In this embodiment, if the attribute information is bounding box information, then, according to the attribute information, determining the reference display information of the object to be processed in the video frame to be processed may also be: according to a predetermined near The plane and the bounding box information determine the proportion information of the object to be processed in the video to be processed; wherein the near plane is a plane determined when the object to be processed covers the display page to which the video frame to be processed belongs ; Determine the reference display information according to the distance information of the near plane distance from the virtual camera and the proportion information.

When the virtual camera captures the object to be processed, the plane corresponding to the object to be processed when it covers the entire screen is used as the near plane. Assuming that when the object to be processed, that is, the human body occupies the entire screen, the human body is closest to the virtual camera, and the distance between the near plane and the camera can be obtained according to the fov value in the virtual camera. When the human body shrinks gradually, it means that the current plane of the user is gradually moving away from the camera. According to the theorem of similar triangles, the ratio of the distance from the near plane to the camera and the distance from the plane where the current person is located to the camera is obtained, see Figure 4. You can display information using this ratio as a baseline.
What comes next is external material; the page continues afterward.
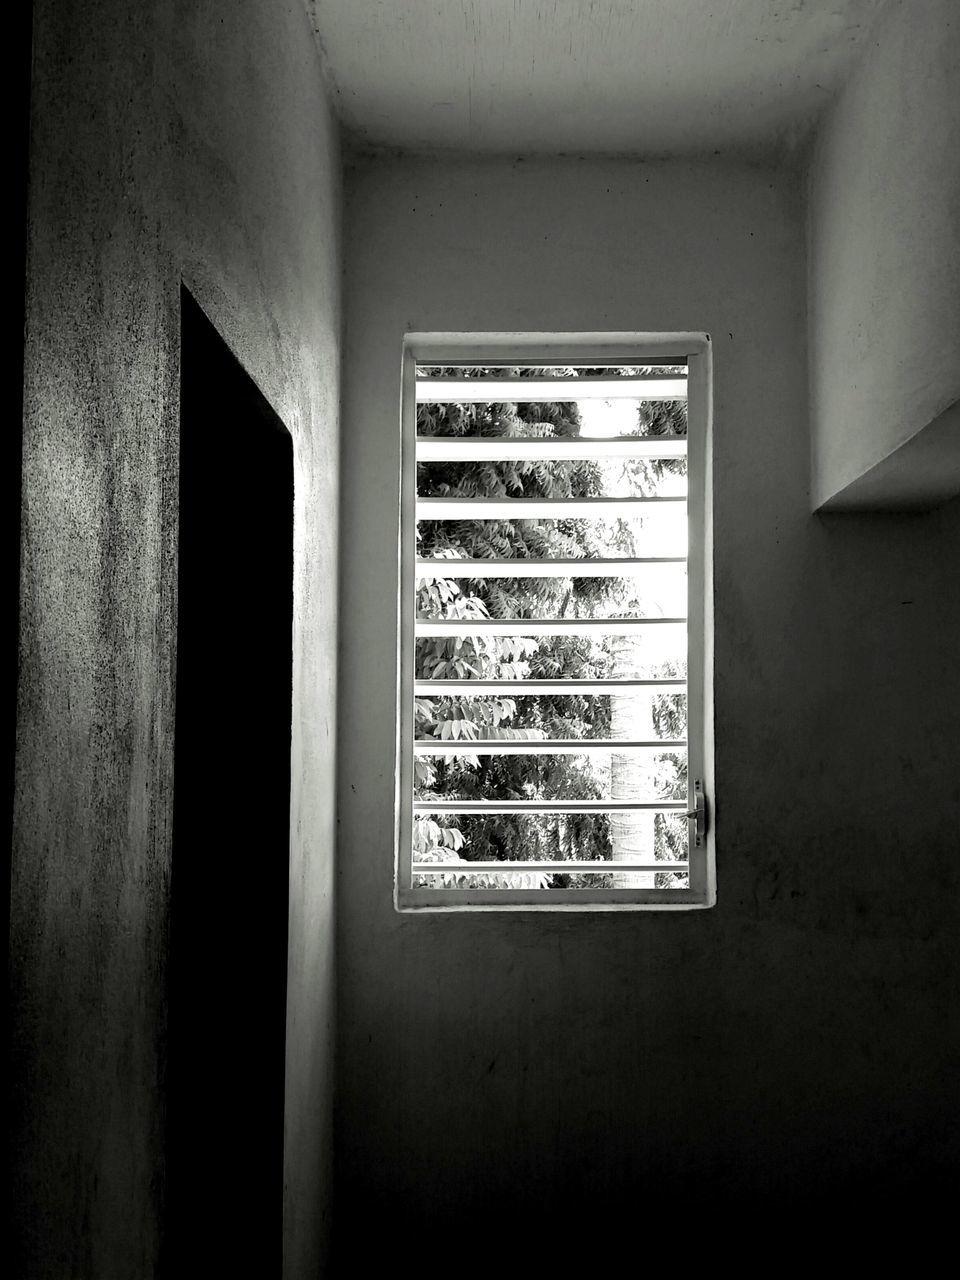 window, indoors, no people, architecture, day, illuminated, close-up

S130. Adjust, based on the reference display information, the target display information of the material mounted in the video frame to be processed, to obtain a target video frame corresponding to the video frame to be processed.

The mounted material may be a special effect material added to the video frame to be processed, for example, the special effect material may be rabbit ears and the like. The target display information is determined based on the reference display information. The target display information may be enlarged or reduced display information of the mounted material. For example, the target display information may be enlarged or reduced display size information of the mounted material.

After the reference display information is determined, the mounted material in the video frame to be processed can be enlarged or reduced according to the reference display information to obtain the corresponding target display information, and then the target video frame can be obtained based on the target display information. That is, the target video frame is the video frame obtained after adjusting the mounted material of the video frame to be processed.

In this embodiment, the adjusting the target display information of the mounted material in the video frame to be processed based on the reference display information to obtain the target video frame corresponding to the video frame to be processed includes:

Adjust target display information of the mounted material according to the reference display information; process the mounted material based on the virtual camera and the adjusted target display information to obtain a target corresponding to the video frame to be processed video frame.

The target display information can be the display information of the mounted material in the video frame. For example, the reference display information can be the zoom-in or zoom-out value of the mounted material. Correspondingly, the target display information can be the zoom-in processing of the mounted material, or Reduced display size information. Or, mount the depth value information of the material, etc. Based on the virtual camera and target display information, the mounted material can be reconstructed to obtain the corresponding target video frame. The virtual camera includes at least one of a perspective camera and an orthographic camera.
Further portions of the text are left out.